Some disk, partition, or file system information is not being properly populated somewhere (e.g., standard IBM PC memory location, a variable, etc.).
Earlier in the call chain, possibly cds, dpb, dpbp, or mediareqhdr aren't being properly populated.
Corrupted memory due to improper writes.
If anyone has suggestions, please let me know (thank you!). I plan to research IDE initialization on IBM PC systems to see if I am missing something critical on boot, such as populating some memory structures with system information (such as disk information). I also need to learn more about how FreeDOS handles IDE, FAT, and device drivers (as execrh.asm is documented as a "request handler for calling device drivers"). I will update this page as I learn more.
Things to To / Test
As I receive suggestions of things to try, I will queue them up here and post updates as I work through them.

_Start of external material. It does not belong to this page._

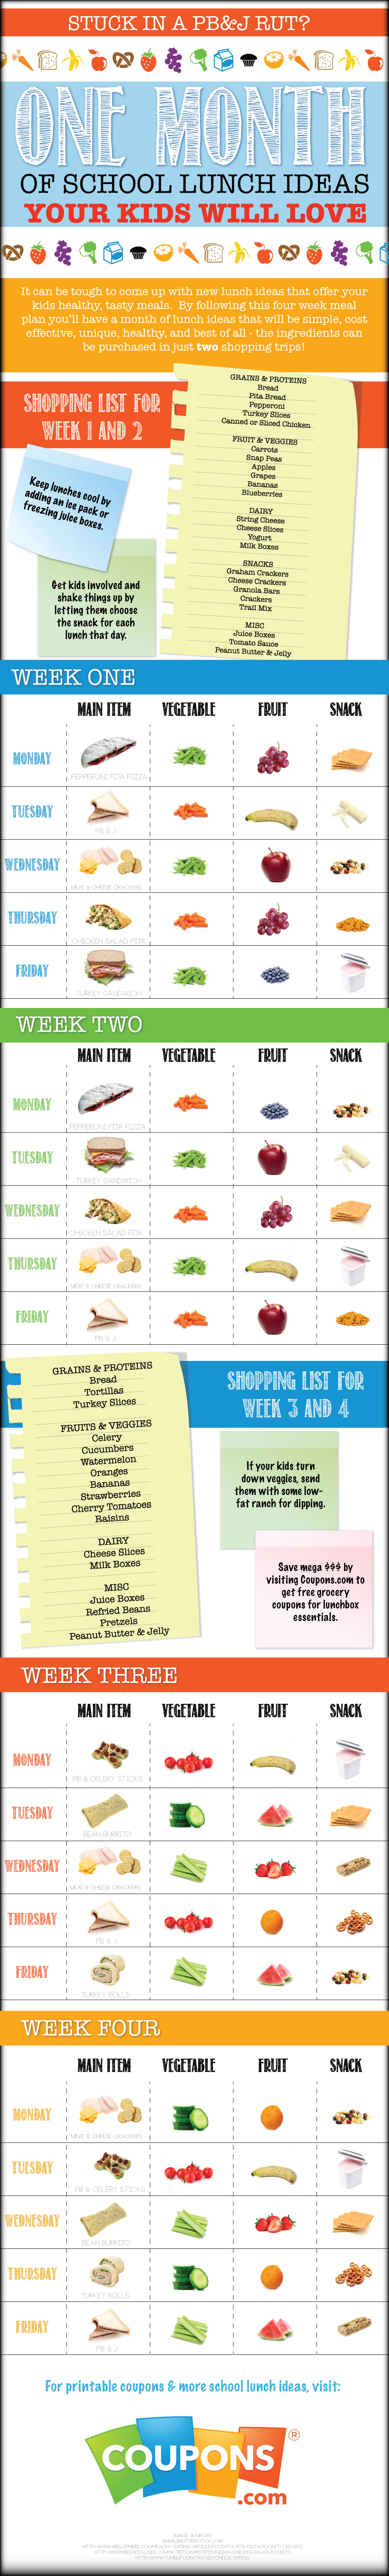 DIY school lunches infographic - www.coupons.com/blog/easy-school-lunch-ideas-infographic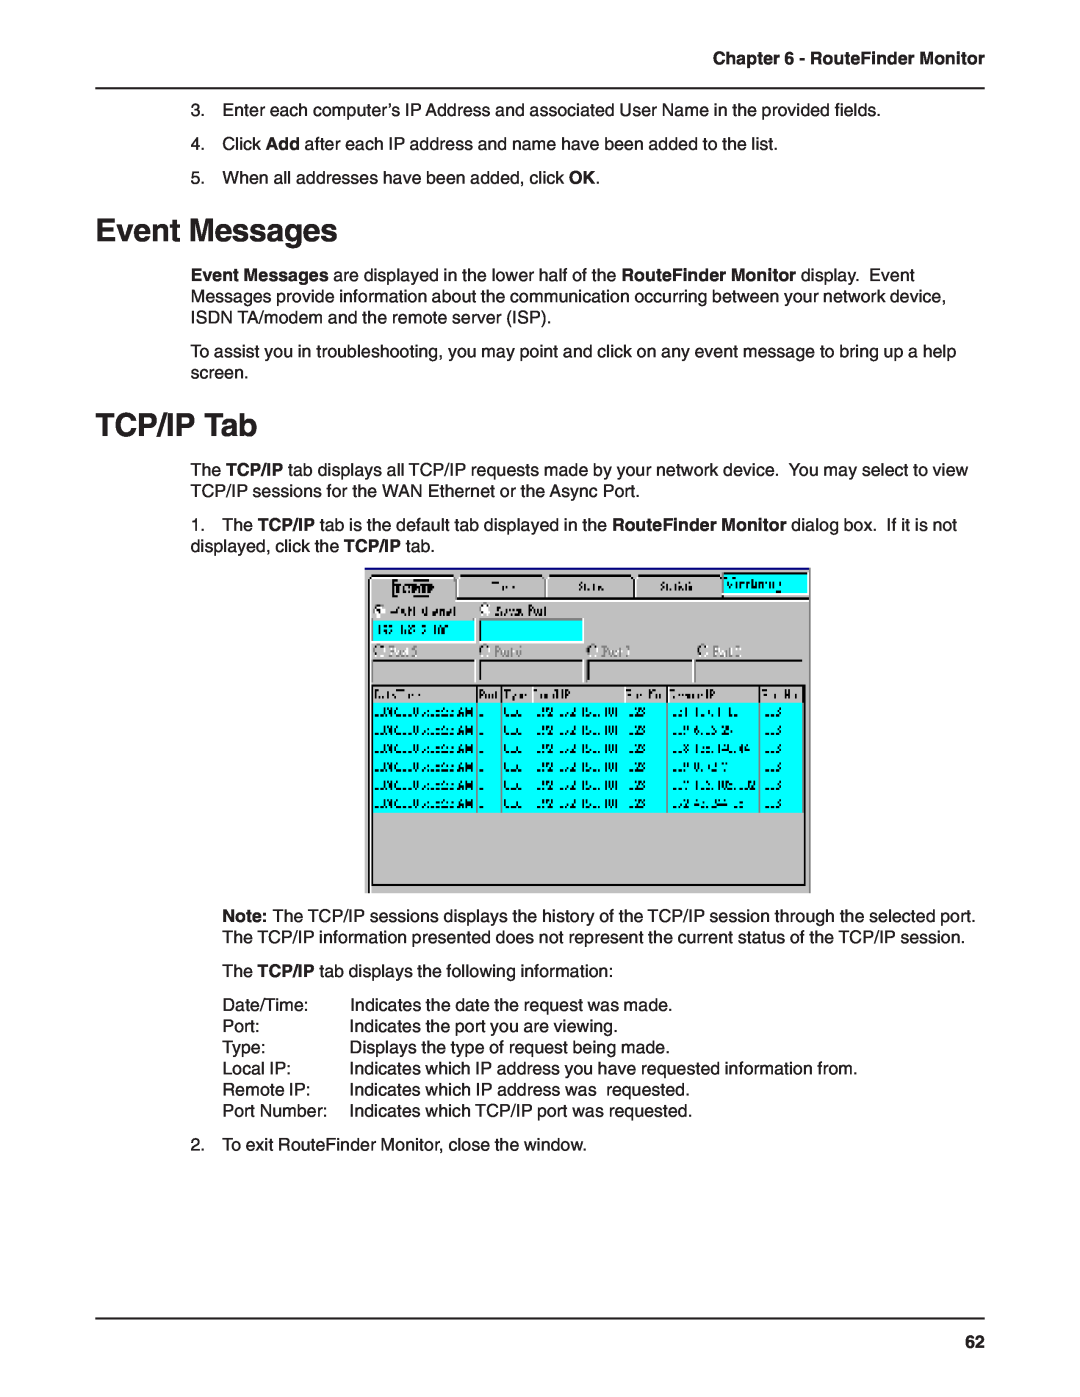 Multi-Tech Systems RF802EW manual Event Messages, TCP/IP Tab, RouteFinder Monitor

Force LBA. Complete, this did not change the behavior.
Inject logging/debugging code in kernel/floppy.asm. In process...
Test disk I/O outside of the FreeDOS kernel (e.g., a simple bootloader application). So far, all testing seems to indicate CHS and LBA reading is working fine. I can load the MBR, then load the boot sector, then load kernel.sys without issue.
Review all code in my BIOS to make sure I'm not update incorrect memory locations or trashing registers, the stack, etc. In process...
Significantly improve error handling in INT13 disk services BIOS code.
Work backwards in the FreeDOS code from execrh() and see where pointers/variables might not be getting populated correctly (e.g., dpbp, dpb, cds).
Reduce FreeDOS's kernel down to very simple file access to see if I can get that to work.